「うわあ、広いなあ」
わたし、ことドッペルゲンガーであるノイエは広くて豪華な会場に思わずため息をつきました。
真っ赤でふかふかななじゅうたんに、美しい壁画が描かれた金色の壁。
上を見上げれば美しいシャンデリアの柔らかな光。
周りを見れば着飾ったゾンビさんやグールさんに混じってヴァンパイアさんやリッチさんなど上級のアンデッドさんたちの姿が見えます。
この、影の魔物であるわたしには全く縁のない豪奢な場所「眠らずの国」で行われる婚活パーティの会場でした。
反魔物領からつれてこられた捕虜さんや、奴隷さん。そういった方々の中で魔物に対して理解を示した方々とわたし達アンデッドの間でおこなわれるこのイベントは、艶やかな盛り上がりを見せていました。
(うう、ここで引いたら、流石にガラテアさんやリィナさんに顔向けできません)
思った以上の場違い感に俯きがちの頭を気合で持ち上げて、手をぎゅっと握ります。
頭の中に浮かぶのは、お茶会で普段ご一緒している友達たちの姿。
今着ている真紅のドレスは、ミーシャさんが織った生地をガラテアさんが仕立ててくれたもの、コサージュはリィナさんがデザインしたものを、ジナイダさんが丁寧にくみ上げたものです。
友人達の後押しがあるというのに、ここで躓いていたらどんな顔をして会えばいいのかわからなくなってしまいます。
気合を入れなおしたわたしは、パーティ会場にいる男の人たちの間を、ゆっくりと歩き始めました。
めざせ、いいおくさん!
「あ、あの……」
「ん?どうした?」
「い、いえ、その、あの……ご、ごめんなさいっ」
「いきなり謝られてもリアクションに困るんだけど」
「え、ええと。
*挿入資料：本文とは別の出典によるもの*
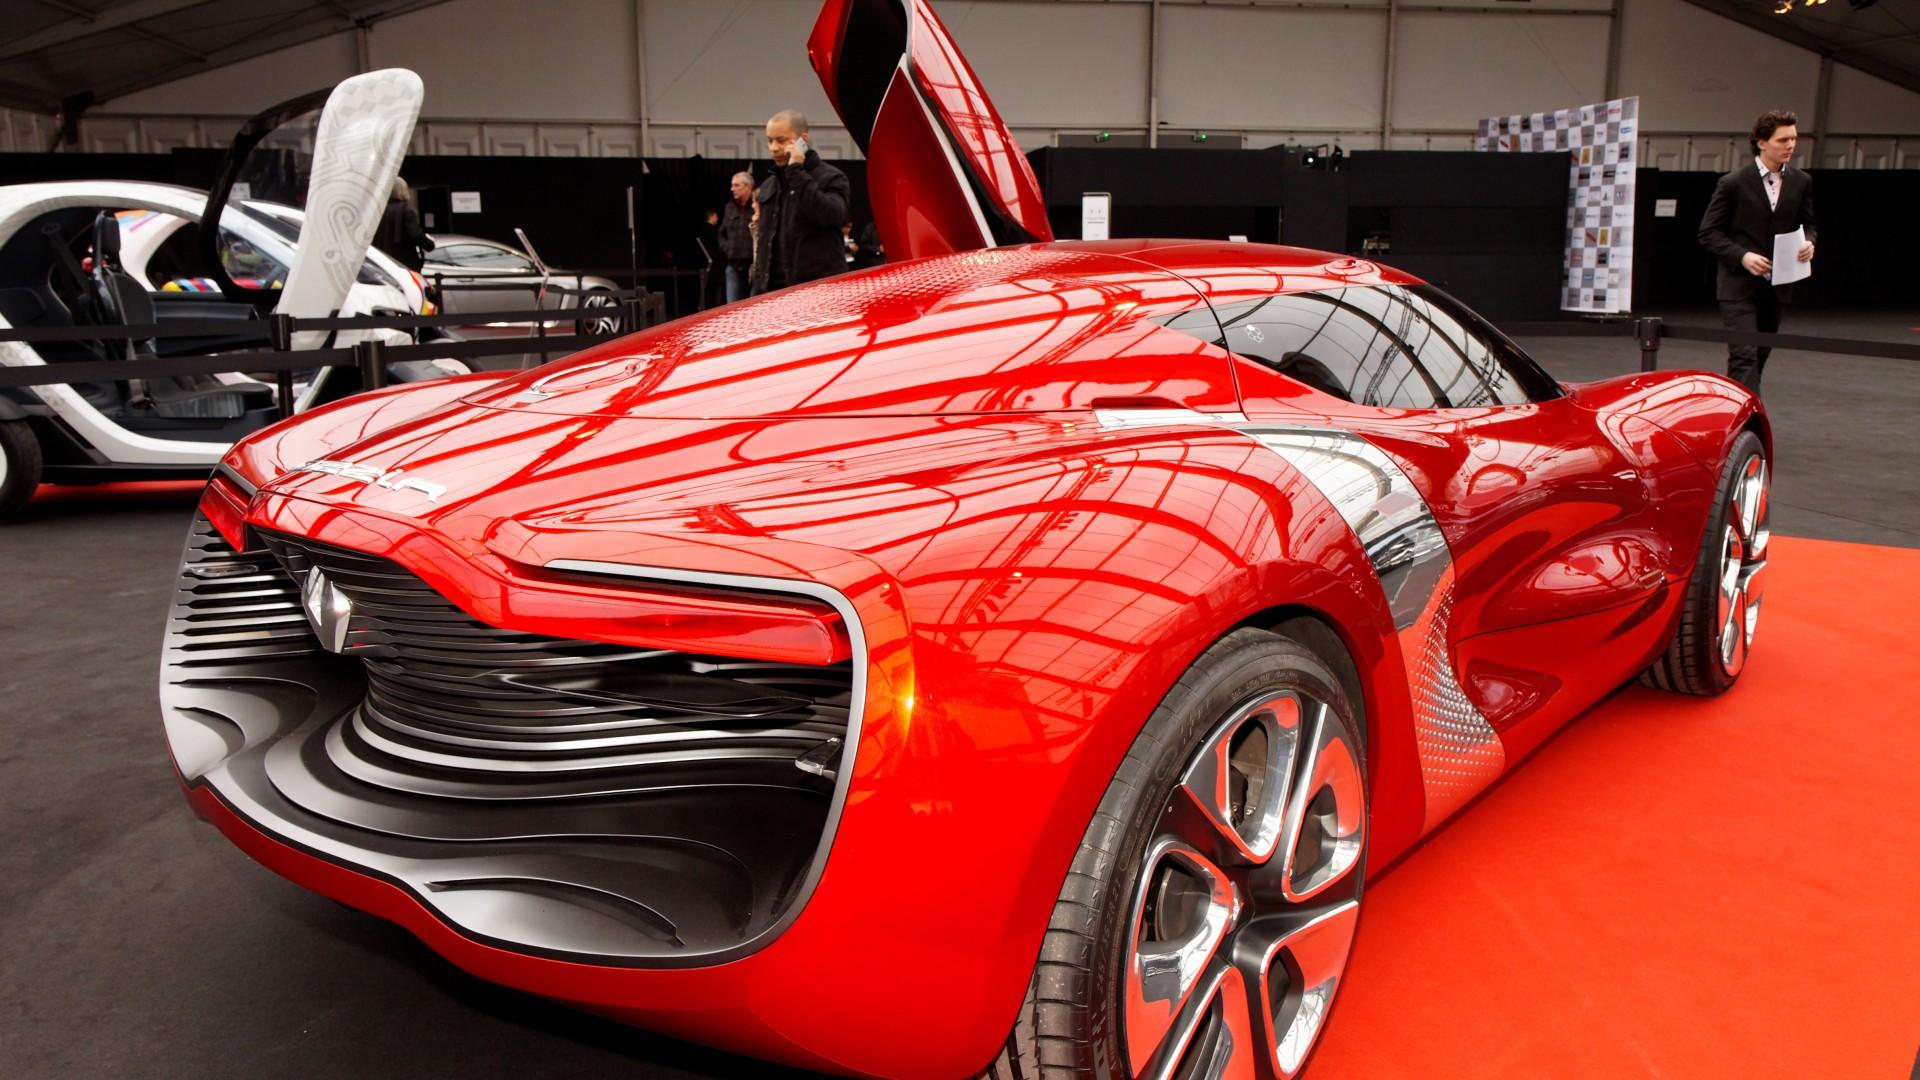 wallpaper renault dezir electric cars renault concept supercar sports car test drive. Black Bedroom Furniture Sets. Home Design Ideas

ごめんな……じゃ、じゃなくて、ええと」
「……あー。とりあえず落ち着け。あと俺は既婚者だ。他を当たるんだな」
「すみませんでした……」
十数分後、わたしは部屋の隅で縮こまって頭を抱えていました。
失敗回数はすでに7回目を超え、ただでさえ少ない自信はガラス細工の如く砕け散っていまいました。
しかもさっきはよりによって既婚者の方にまで間違えて声をかけてしまう始末です。
相手の方、そして奥方であるワイトさんは許してくれましたが、随分とひどいことをしてしまったとさらに暗い気分になりました。
「そこのお前!高貴なるヴァンパイアである私の従者になれ!」
「やだよ、そんなの」
「……う、うぐ……せ、せめて話をだな」
「いや、ちょっと俺は貴族とか興味ないんで」
「が、がーん……これ、で14連敗か……このチョコレートが無駄になるのか……」
周りを見れば、失敗して落ち込んでいる方が多く見られます。
男の方が数の少ないパーティだったのです、失敗するのは本来あたりまえの事なのでしょう。
そう、自分に言い聞かせながら会場をたつべくこそこそと歩き始めます。
遠くでヴァンパイアとワイトの二人がそれぞれ立派な男の人と結ばれるのを横目にわたしは会場を後にしたのでした。
−−−−−
「……」
それに気付いたのは全くの偶然でした。
婚活パーティからの帰り道、ふと感じた魔力にわたしは顔を上げます。
身を裂かれるような、悲痛な感情の篭った精の香りが、わたしの鼻腔を小さく刺激していました。
「……こっち、かな」
ふらふらと、誘蛾灯に集まる蛾の様に夜闇に染まる街角を歩いていきます。
ドッペルゲンガーの好物、それは失恋した男性の精なのです。
わたしたちは、恋に破れ、悲嘆にくれる男性の前に現れます。
その姿と心を、恋した相手に擬態して。違うのは、相手が望むままの存在になるということだけ。
わたし達は、そうやって男性に近づき精と心を得るのです。
癒しの力だ、と呼ぶ人が居ます。
心に傷を負った男性を励ます力だと。
汚い力だ、という人が居ます。
悲しみに溺れる心に付けこむ物だと。
わたしは、後者だと思っています。
だから、わたしは無理だと知りつつもこうして本来の姿、地味な影であるこの姿で紺活パーティに出席したのです。
そんなことを考えながら、わたしの足はある建物の方へと進みます。
はやく、戻るべきだ。
理性がそう叫んでいます。失恋した男性にあってどうするんだ、と。
誘惑する気がないのであれば直ぐに戻ればいいはずです。帰って、着替えて。リィナさんたちのお茶会に出ればいいのです。
しかし、わたしの足は止まりません。
「……ここ、ですね」
静かに、隠れるように廊下を歩きます。
石造りの重厚なそれは、かつて旧時代の要塞を改装してつくられたものだからなのだそうです。